Access via tsl101, like other switches.
Name: nwt0473m66.timing.acc.gsi.de,
IP: 192.168.21.219.
Connections: fibre optic cable from wri2 to pexaria248t, fibre optic cable from wri3 to pexaria305t. Network cable to acc network for management.

Software

The pexarria5 can be flashed with some gateware independent of the lm32-firmware.

PXE Boot

The PXE boot is currently configured to use the current Yocto ram disk from /common/tftp/csco/pxe/yocto/current.

The SuperMicro is configured for PXE boot and nfsinit with links (following https://www-acc.gsi.de/wiki/Timing/Intern/TimingSystemHowToHintsForFECS).
  1. On ASL cluster links in folder /common/tftp/csco/pxe/pxelinux.cfg for PXE boot: 0AF80289 to fel0069, fel0069 to yocto
  2. On ASL cluster links in folder /common/export/nfsinit/fel0069/ for nfsinit.
Connections: network cable to acc network. For management: network cable to acc network.
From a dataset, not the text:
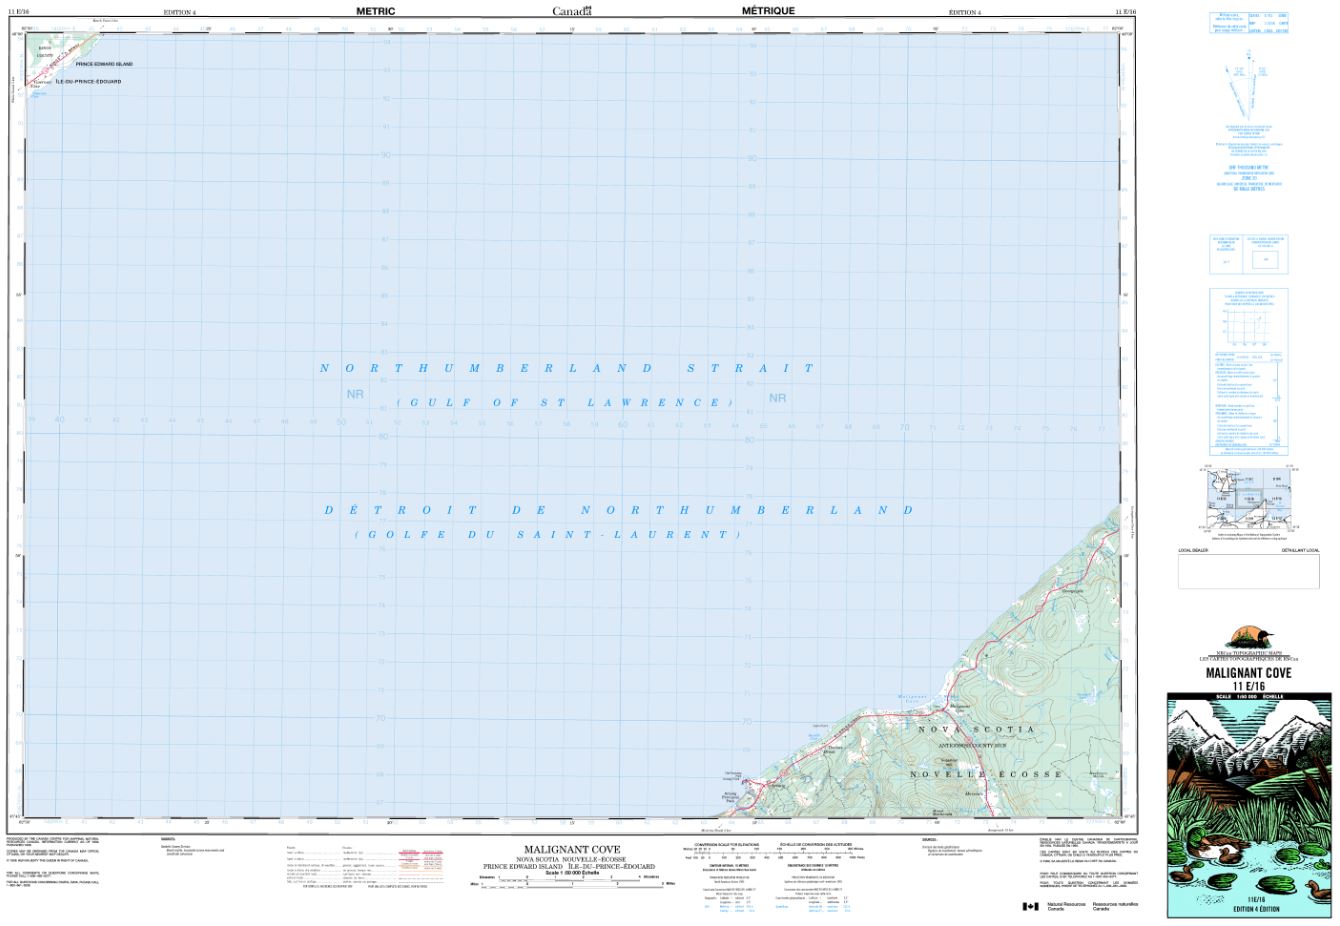 11E/16 Malignant Cove Topographic Map Nova Scotia
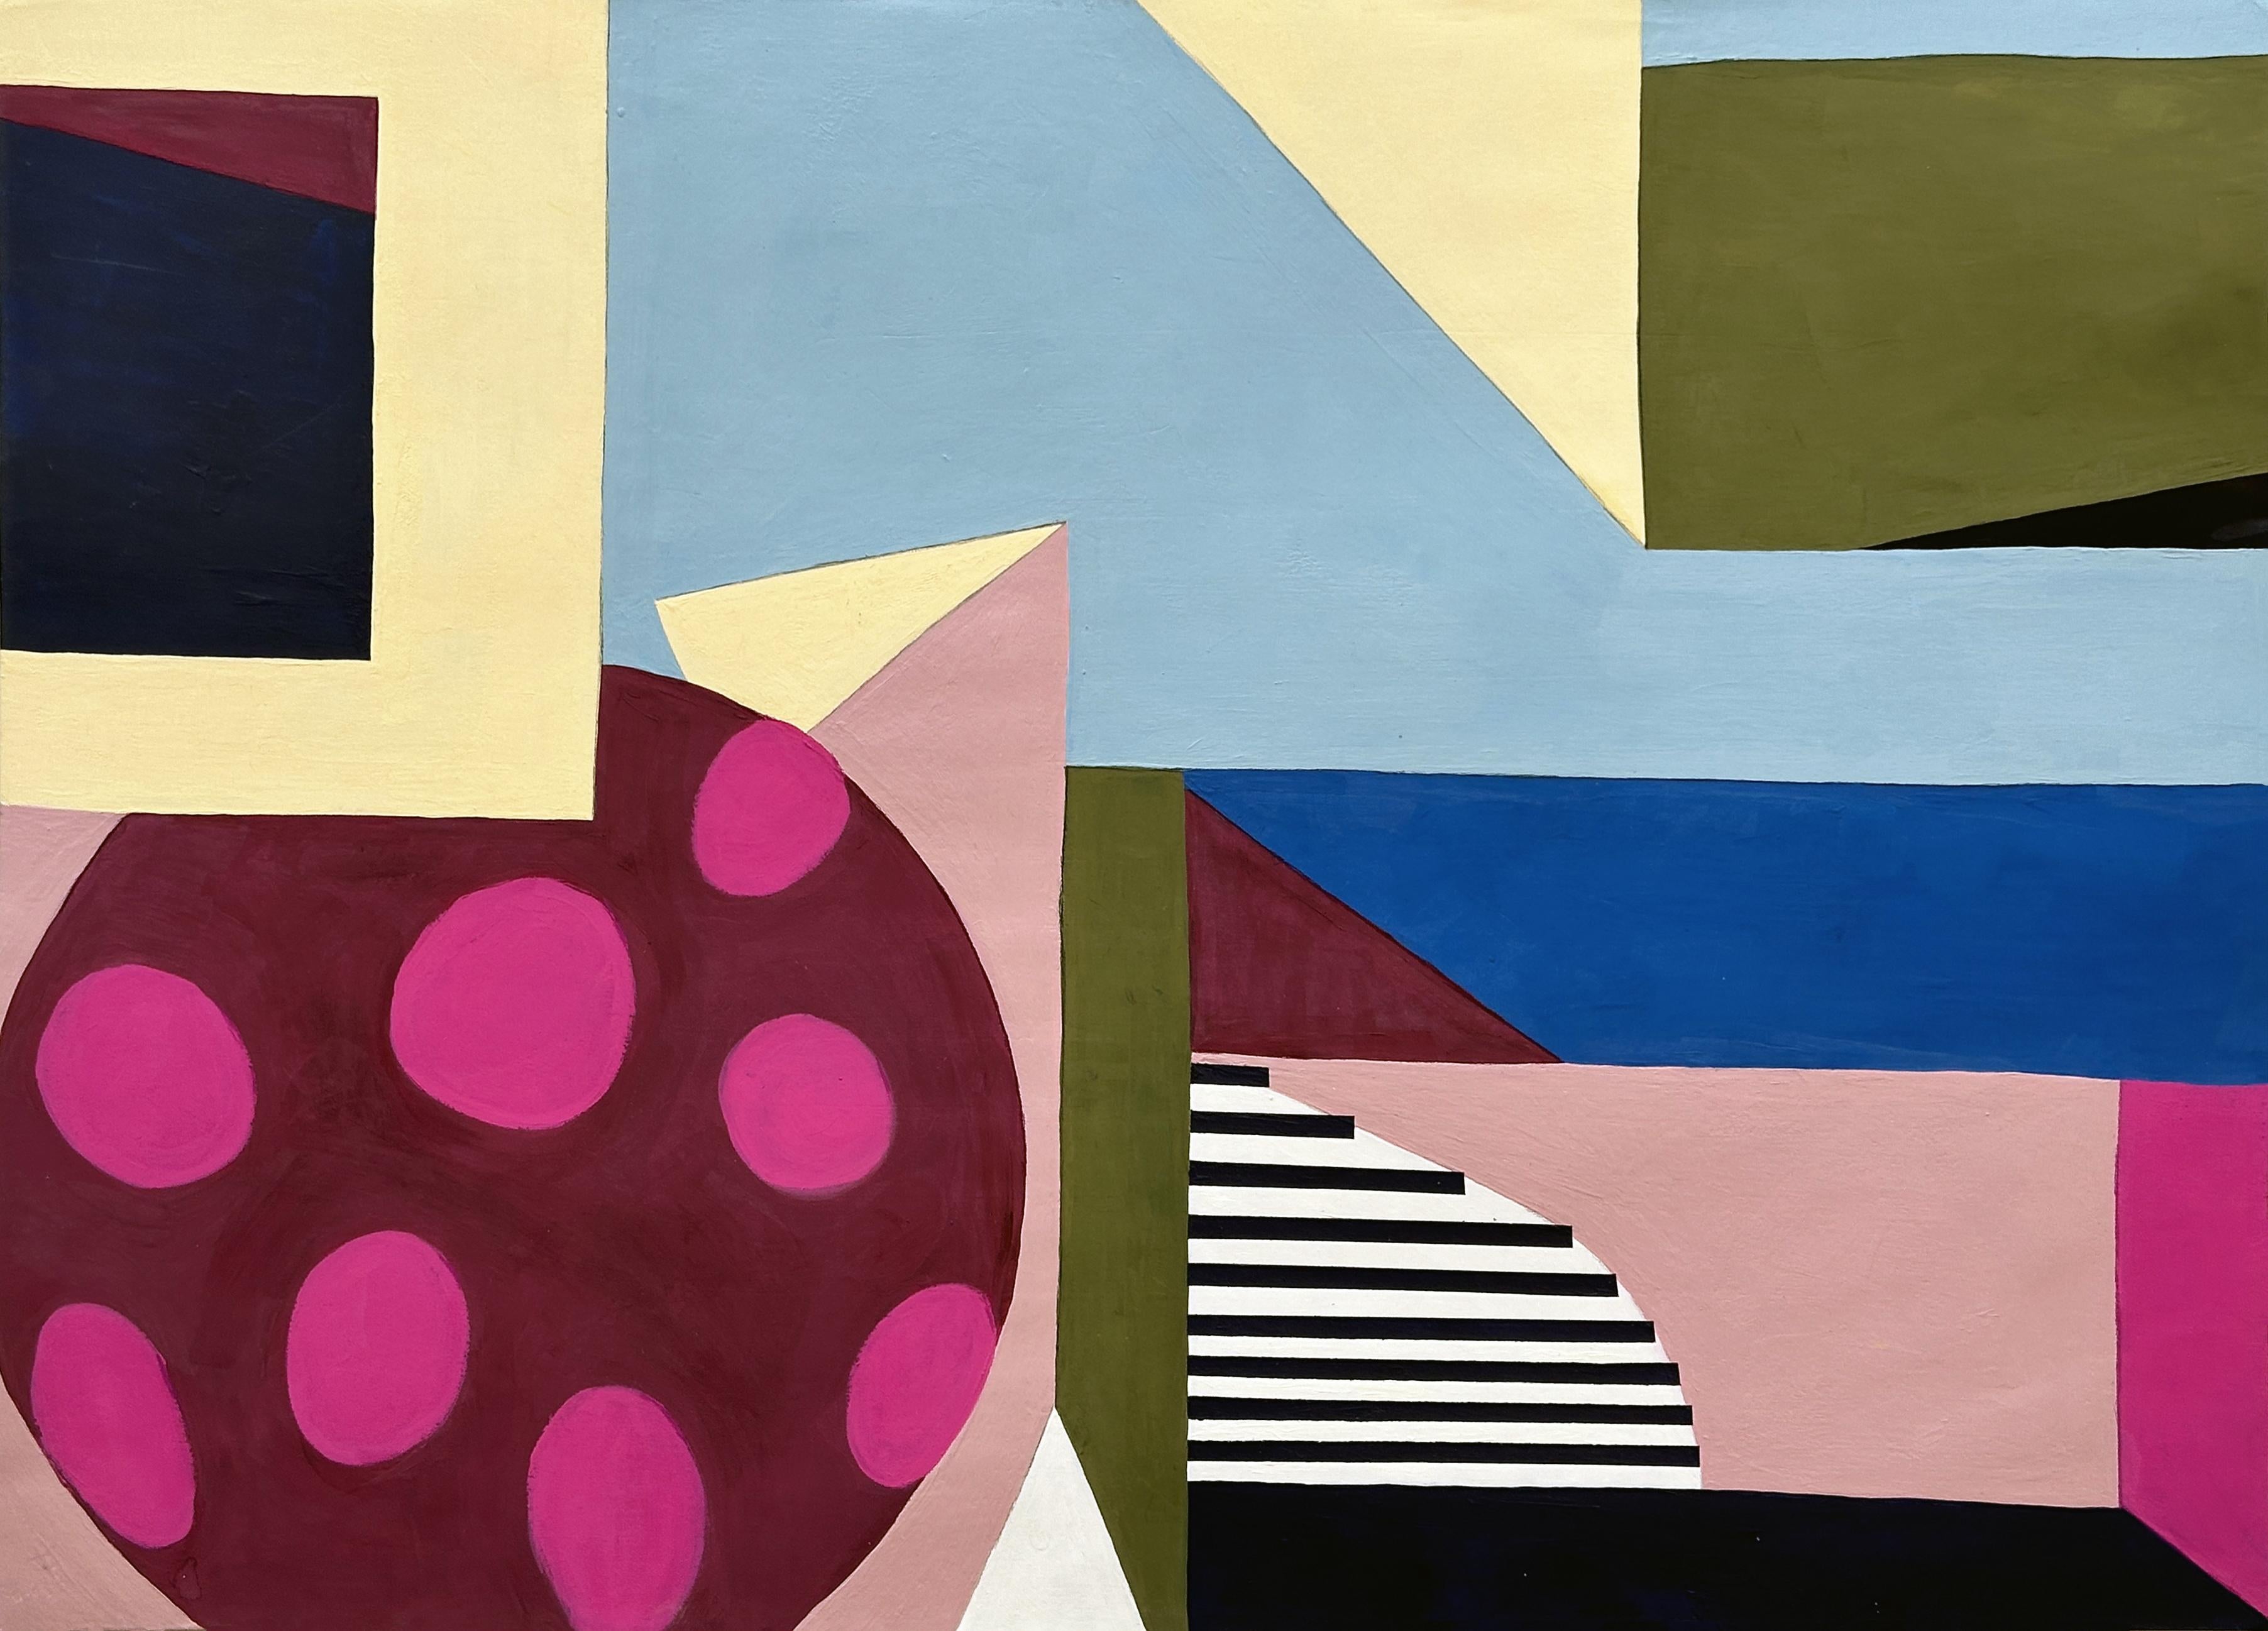 Abstract Painting Amanda Andersen - "Vertical Plane III" peinture abstraite sur papier géométrique, formes empilées brillantes

To prepare the libraries for the Yocto environment for fel0069, use modules/ftm/tests/tools/copyLibraries.sh. This script needs to download dm-cmd, dm-sched, libcarpedm from the workspace of a Jenkins job. Details are described in copyLibraries.sh.

After reboot of fel0069:
  1. On each host, which needs access to fel0069, copy the public ssh key to fel0069. This has to be done for every user / host which needs access to fel0069 with ssh.
    ssh-copy-id -i .ssh/id_rsa.pub root@fel0069.acc.gsi.de
    For most users this is pre-configured with tg-backdoor-yocto in /common/export/nfsinit/.
  2. Test (check before automated testing starts)
    ssh -t root@fel0069.acc.gsi.de "saft-ctl tr1 -ij"
    (get info on saftbus version on fel0069)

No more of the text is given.